# One brave Canadian......



## 220swift (Mar 2, 2011)

http://www.trapperpredatorcaller.com/article-index/canadian-man-rescues-partner-by-killing-mountain-lion-with-a-spear?et_mid=637352&rid=235828673​


----------



## youngdon (Mar 10, 2010)

Was Scott in Canada ?


----------



## 220swift (Mar 2, 2011)

LOL


----------



## 220swift (Mar 2, 2011)

I'm sure it was done that way many, many times by our ancestors, they were a lot hardier bunch back then..............


----------



## Provost (Sep 16, 2013)

Atta boy! Pretty ballsy to do something like that, must have been pumped up and full of testosterone but still, ballsy

Sent from my iPhone using Tapatalk - now Free


----------



## stevec (Jul 9, 2013)

"He grabbed a nearby spear"????????? Am I the only one who doesn't have a spear laying around?
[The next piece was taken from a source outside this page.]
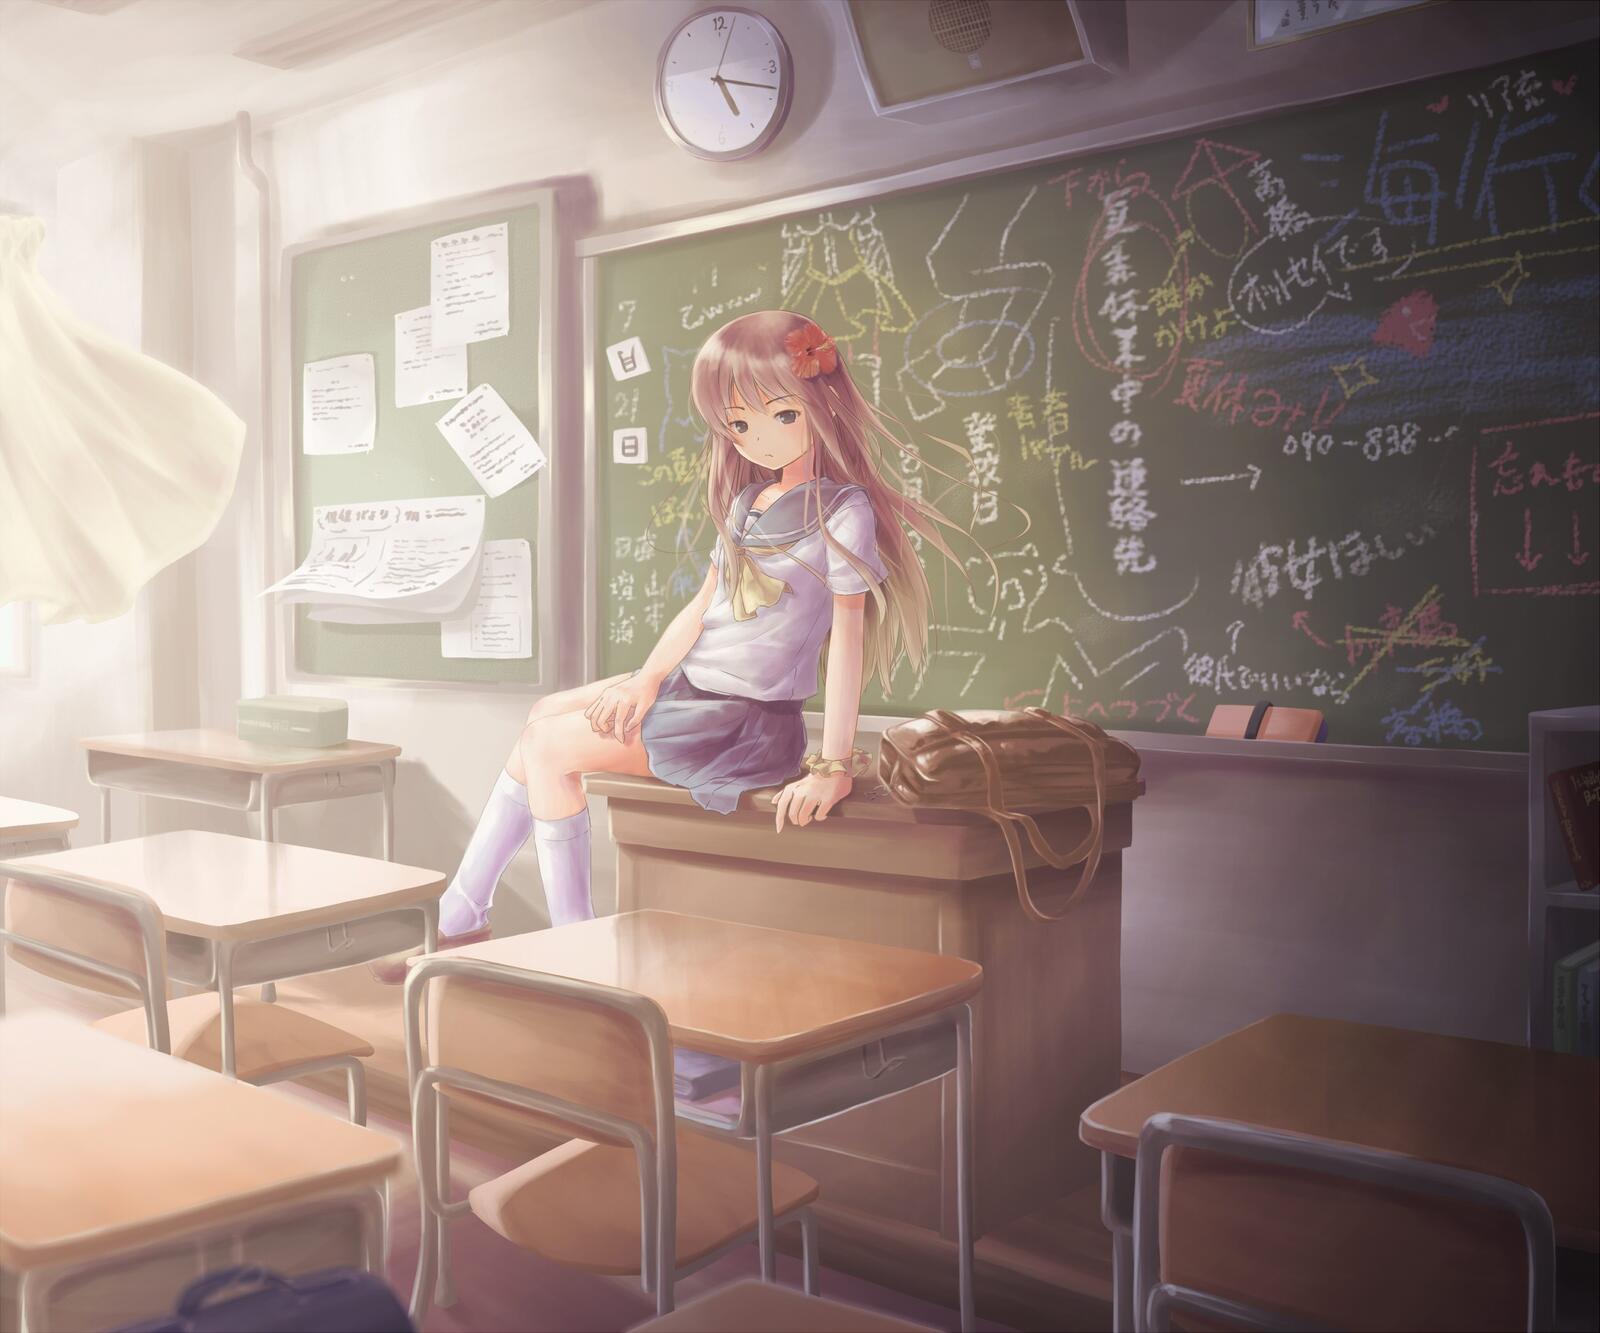 Wallpapers an anime school girl on the desktop

I guess he is better prepared than I am. I would have to gouge at it with my car keys.

Steve


----------



## Provost (Sep 16, 2013)

Haha I was thinking that too

Sent from my iPhone using Tapatalk - now Free


----------



## 220swift (Mar 2, 2011)

the actual news article...........

http://www2.canada.com/calgaryherald/news/story.html?id=bf9d9857-8347-4d51-b3c4-3fb6785d471b​


----------



## dwtrees (Mar 5, 2012)

Amazing what adrenaline will let you do. Glad to hear she will be ok.


----------



## Rick Howard (Feb 25, 2012)

youngdon said:


> Was Scott in Canada ?


First thing I thought LOL


----------



## Rick Howard (Feb 25, 2012)

stevec said:


> "Am I the only one who doesn't have a spear laying around?
> 
> Steve


Yes


----------



## sneakygroundbuzzard (Nov 1, 2012)

stevec said:


> "He grabbed a nearby spear"????????? Am I the only one who doesn't have a spear laying around?
> 
> Steve


i have one in the makings right now

stone tip of course,with some buffalo hair and turkey feathers for adornment

i will be ready for any mountain lion that tries to attack my wife


----------



## Rick Howard (Feb 25, 2012)

^^^^^ point and case lol


----------



## JTKillough (May 4, 2010)

stevec said:


> "He grabbed a nearby spear"????????? Am I the only one who doesn't have a spear laying around? I guess he is better prepared than I am. I would have to gouge at it with my car keys.
> 
> Steve


 No, you are not alone, in not being totally prepared for such an on slot. Speared a lion? Hummmm. I can see a new hunting style evolving here.

Hey, outdoorsmen!

Grow a set.

Join us at:

Extreme Predator Hunts

We call'em

You kill'em

Bring your own sharp stick

or

for a nominal fee

we can provide you with

a custom made

sharp stick

fox,coyote, bobcat,

and the ultimate package!

Lion or Bear!


----------



## 220swift (Mar 2, 2011)

good one JT........LOL


----------



## sneakygroundbuzzard (Nov 1, 2012)

jt, i would be all in for that

hey i can help supply the sharp sticks too,i would even let the hunter pick what type of rock he would want to use on the end of ths stick


----------



## JTKillough (May 4, 2010)

Rock? Now you're taking the fun out of it. But, for just a wee bit more....We can accommodate. Do I dare say atlatl?


----------



## sneakygroundbuzzard (Nov 1, 2012)

hey i know guys that do hunt with the atlatl

i have one,never hunted with it.but they sure are fun and take a bit of learning to get good with them


----------



## dwtrees (Mar 5, 2012)

I saw a guy at a rendezvous nail a tent at 100 yards with one of them atlatls. I have two of them myself but haven't practiced much with them.


----------



## Rick Howard (Feb 25, 2012)

I have a call for the first coyote kill with an atlatl. Need video confirmation.


----------



## 220swift (Mar 2, 2011)

THAT would be a good video.................


----------



## youngdon (Mar 10, 2010)

LOL I tried using one once...nearly owned a 80's model Chevy that day....Although he wasn't legally parked....


----------



## sneakygroundbuzzard (Nov 1, 2012)

itzDirty said:


> I have a call for the first coyote kill with an atlatl. Need video confirmation.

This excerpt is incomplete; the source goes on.